Task description – Lift out all lines below that contain "Kabel".
Records: Begin
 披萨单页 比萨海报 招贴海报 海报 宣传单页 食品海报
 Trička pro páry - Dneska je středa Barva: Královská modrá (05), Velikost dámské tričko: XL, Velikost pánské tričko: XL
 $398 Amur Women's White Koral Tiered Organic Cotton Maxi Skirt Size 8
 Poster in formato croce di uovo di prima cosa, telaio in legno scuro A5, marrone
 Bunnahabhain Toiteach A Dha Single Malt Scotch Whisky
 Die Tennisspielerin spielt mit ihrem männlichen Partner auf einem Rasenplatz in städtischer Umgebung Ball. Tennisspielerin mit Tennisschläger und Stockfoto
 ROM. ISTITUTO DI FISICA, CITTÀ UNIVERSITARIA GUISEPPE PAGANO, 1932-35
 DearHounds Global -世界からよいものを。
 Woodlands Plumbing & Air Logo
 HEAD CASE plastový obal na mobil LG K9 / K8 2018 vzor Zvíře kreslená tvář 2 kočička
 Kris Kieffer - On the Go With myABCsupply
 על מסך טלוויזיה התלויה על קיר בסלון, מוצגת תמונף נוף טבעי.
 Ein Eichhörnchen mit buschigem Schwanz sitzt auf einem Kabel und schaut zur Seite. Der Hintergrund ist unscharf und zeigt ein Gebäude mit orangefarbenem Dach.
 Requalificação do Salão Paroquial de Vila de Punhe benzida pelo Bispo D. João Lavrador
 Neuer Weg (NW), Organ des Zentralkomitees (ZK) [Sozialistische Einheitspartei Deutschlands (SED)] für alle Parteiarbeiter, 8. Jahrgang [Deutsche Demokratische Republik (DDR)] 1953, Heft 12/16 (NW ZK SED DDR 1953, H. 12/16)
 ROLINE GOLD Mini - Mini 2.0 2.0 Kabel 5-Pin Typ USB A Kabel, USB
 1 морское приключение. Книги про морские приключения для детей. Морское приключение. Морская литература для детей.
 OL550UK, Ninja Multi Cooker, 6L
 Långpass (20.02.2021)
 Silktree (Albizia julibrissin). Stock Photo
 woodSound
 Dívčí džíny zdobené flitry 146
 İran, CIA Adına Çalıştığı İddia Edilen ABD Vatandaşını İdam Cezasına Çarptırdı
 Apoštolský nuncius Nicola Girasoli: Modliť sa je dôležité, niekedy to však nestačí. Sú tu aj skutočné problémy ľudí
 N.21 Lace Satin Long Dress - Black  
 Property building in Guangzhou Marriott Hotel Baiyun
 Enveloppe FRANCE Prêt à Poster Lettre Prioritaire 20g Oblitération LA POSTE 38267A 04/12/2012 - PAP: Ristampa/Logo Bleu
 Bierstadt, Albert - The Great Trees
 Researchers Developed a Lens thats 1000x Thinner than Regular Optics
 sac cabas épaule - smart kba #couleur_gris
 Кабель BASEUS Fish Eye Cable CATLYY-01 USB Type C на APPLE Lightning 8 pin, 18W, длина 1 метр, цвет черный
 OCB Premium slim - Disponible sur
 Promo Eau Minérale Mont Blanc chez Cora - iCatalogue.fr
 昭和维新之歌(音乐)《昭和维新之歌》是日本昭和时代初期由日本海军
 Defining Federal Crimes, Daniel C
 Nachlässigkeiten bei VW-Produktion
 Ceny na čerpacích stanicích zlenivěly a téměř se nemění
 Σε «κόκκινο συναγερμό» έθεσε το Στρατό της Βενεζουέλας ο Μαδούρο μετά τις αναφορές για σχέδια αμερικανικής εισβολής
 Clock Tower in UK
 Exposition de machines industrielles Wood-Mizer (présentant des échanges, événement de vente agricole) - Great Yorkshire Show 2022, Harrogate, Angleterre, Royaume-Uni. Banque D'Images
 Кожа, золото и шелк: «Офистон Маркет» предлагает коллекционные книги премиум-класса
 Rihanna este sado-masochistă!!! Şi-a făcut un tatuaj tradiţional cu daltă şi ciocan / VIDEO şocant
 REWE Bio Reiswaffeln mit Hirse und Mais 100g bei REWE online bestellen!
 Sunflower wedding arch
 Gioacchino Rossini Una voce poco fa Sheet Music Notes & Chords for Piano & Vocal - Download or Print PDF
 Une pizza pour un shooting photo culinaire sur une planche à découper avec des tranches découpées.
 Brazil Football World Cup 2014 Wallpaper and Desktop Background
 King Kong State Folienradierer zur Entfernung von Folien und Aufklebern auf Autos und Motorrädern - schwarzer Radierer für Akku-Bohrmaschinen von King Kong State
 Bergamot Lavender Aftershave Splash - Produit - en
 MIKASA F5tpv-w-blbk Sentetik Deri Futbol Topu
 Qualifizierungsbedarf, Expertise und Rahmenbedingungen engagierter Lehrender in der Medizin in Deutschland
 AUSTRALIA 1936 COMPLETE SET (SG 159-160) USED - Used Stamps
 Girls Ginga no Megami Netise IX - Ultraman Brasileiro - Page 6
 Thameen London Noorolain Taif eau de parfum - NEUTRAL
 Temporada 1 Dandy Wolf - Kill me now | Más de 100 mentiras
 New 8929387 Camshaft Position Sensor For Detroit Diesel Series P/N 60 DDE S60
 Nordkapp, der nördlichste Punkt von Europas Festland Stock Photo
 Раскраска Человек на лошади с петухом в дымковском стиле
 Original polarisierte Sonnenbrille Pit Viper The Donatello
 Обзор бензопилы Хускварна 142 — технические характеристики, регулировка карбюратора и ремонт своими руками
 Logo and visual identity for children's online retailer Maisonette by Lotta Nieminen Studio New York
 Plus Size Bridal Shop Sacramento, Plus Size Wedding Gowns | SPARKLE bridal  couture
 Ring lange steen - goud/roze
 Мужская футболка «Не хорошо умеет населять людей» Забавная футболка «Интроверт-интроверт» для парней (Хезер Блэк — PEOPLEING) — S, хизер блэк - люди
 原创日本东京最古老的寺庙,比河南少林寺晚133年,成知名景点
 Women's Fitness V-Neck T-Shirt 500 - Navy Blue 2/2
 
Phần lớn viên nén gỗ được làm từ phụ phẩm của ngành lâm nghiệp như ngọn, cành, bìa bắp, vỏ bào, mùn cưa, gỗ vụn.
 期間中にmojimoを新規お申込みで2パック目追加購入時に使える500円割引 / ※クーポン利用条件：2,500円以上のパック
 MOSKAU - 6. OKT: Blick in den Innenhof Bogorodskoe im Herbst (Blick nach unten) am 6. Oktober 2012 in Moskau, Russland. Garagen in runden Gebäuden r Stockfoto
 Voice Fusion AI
Records: End
Response –
 Ein Eichhörnchen mit buschigem Schwanz sitzt auf einem Kabel und schaut zur Seite. Der Hintergrund ist unscharf und zeigt ein Gebäude mit orangefarbenem Dach.
 ROLINE GOLD Mini - Mini 2.0 2.0 Kabel 5-Pin Typ USB A Kabel, USB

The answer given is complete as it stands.